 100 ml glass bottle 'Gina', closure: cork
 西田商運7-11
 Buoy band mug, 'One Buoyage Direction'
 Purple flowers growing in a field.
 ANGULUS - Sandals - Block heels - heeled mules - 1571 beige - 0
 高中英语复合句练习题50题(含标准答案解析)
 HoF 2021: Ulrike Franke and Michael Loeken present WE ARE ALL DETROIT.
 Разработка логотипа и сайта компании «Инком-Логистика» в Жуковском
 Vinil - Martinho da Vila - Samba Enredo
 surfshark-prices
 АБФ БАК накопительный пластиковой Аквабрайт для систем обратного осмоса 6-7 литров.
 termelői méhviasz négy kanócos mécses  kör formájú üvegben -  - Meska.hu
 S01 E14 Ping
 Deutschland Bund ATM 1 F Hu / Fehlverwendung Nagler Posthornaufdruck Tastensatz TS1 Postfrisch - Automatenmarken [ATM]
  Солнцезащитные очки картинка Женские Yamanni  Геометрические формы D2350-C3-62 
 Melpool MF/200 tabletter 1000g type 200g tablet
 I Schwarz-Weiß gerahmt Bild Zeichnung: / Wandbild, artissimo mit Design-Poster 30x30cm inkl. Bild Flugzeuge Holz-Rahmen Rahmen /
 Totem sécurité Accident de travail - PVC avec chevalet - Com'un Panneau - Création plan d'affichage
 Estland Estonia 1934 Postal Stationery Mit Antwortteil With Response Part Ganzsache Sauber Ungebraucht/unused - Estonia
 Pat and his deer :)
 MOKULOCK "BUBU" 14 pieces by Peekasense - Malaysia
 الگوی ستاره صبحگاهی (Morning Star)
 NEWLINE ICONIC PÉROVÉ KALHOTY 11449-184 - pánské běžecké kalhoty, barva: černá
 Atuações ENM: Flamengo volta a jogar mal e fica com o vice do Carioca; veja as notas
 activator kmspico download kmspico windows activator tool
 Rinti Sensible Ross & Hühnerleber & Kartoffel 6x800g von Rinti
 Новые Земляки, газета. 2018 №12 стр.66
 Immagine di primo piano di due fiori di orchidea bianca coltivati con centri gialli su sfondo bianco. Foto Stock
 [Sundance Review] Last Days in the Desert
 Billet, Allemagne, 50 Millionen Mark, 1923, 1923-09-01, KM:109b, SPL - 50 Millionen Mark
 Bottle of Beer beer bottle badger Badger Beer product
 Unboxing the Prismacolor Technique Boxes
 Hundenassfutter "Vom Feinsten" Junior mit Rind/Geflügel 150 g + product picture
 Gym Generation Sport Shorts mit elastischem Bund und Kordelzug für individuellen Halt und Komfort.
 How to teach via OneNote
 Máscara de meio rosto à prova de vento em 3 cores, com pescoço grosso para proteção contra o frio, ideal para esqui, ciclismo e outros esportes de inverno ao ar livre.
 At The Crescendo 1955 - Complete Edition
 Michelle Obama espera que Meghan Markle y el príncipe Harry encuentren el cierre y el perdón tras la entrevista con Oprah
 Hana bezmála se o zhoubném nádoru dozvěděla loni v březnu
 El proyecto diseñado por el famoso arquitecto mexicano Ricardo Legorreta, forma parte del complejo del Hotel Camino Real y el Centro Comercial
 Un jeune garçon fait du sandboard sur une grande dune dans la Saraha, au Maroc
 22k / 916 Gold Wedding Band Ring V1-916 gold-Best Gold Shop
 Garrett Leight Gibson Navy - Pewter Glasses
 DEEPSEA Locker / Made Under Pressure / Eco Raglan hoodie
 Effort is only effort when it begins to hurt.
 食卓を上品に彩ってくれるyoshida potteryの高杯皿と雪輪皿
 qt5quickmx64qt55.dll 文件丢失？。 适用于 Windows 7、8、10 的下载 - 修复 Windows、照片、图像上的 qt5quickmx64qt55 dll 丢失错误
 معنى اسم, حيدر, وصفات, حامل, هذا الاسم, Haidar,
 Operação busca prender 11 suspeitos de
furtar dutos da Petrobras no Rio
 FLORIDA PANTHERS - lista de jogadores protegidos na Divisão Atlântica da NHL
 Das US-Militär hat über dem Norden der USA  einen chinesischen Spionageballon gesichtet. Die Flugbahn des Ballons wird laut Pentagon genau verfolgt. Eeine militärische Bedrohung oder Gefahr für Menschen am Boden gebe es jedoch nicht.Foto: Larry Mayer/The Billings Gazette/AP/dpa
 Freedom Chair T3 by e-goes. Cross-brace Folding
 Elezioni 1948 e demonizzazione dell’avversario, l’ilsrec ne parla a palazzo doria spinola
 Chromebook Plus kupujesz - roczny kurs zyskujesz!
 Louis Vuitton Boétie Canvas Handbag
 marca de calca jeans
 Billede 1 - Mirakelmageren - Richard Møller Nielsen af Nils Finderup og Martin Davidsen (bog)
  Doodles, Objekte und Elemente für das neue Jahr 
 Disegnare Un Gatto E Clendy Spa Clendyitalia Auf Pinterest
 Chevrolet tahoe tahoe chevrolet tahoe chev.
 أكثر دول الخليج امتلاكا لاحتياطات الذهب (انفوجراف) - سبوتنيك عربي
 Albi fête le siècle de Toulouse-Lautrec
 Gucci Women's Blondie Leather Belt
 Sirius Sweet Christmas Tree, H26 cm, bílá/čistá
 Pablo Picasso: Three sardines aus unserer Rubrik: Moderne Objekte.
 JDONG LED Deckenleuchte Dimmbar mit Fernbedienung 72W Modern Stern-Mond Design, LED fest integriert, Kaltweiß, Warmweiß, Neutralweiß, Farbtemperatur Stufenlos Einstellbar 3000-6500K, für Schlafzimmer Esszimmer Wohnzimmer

* _What you need to do_
What you return should be exactly the lines above, starting at the one with "ANGULUS - Sandals" and ending at the one with "АБФ БАК накопительный", and nothing else.

* _Exercise result_
 ANGULUS - Sandals - Block heels - heeled mules - 1571 beige - 0
 高中英语复合句练习题50题(含标准答案解析)
 HoF 2021: Ulrike Franke and Michael Loeken present WE ARE ALL DETROIT.
 Разработка логотипа и сайта компании «Инком-Логистика» в Жуковском
 Vinil - Martinho da Vila - Samba Enredo
 surfshark-prices
 АБФ БАК накопительный пластиковой Аквабрайт для систем обратного осмоса 6-7 литров.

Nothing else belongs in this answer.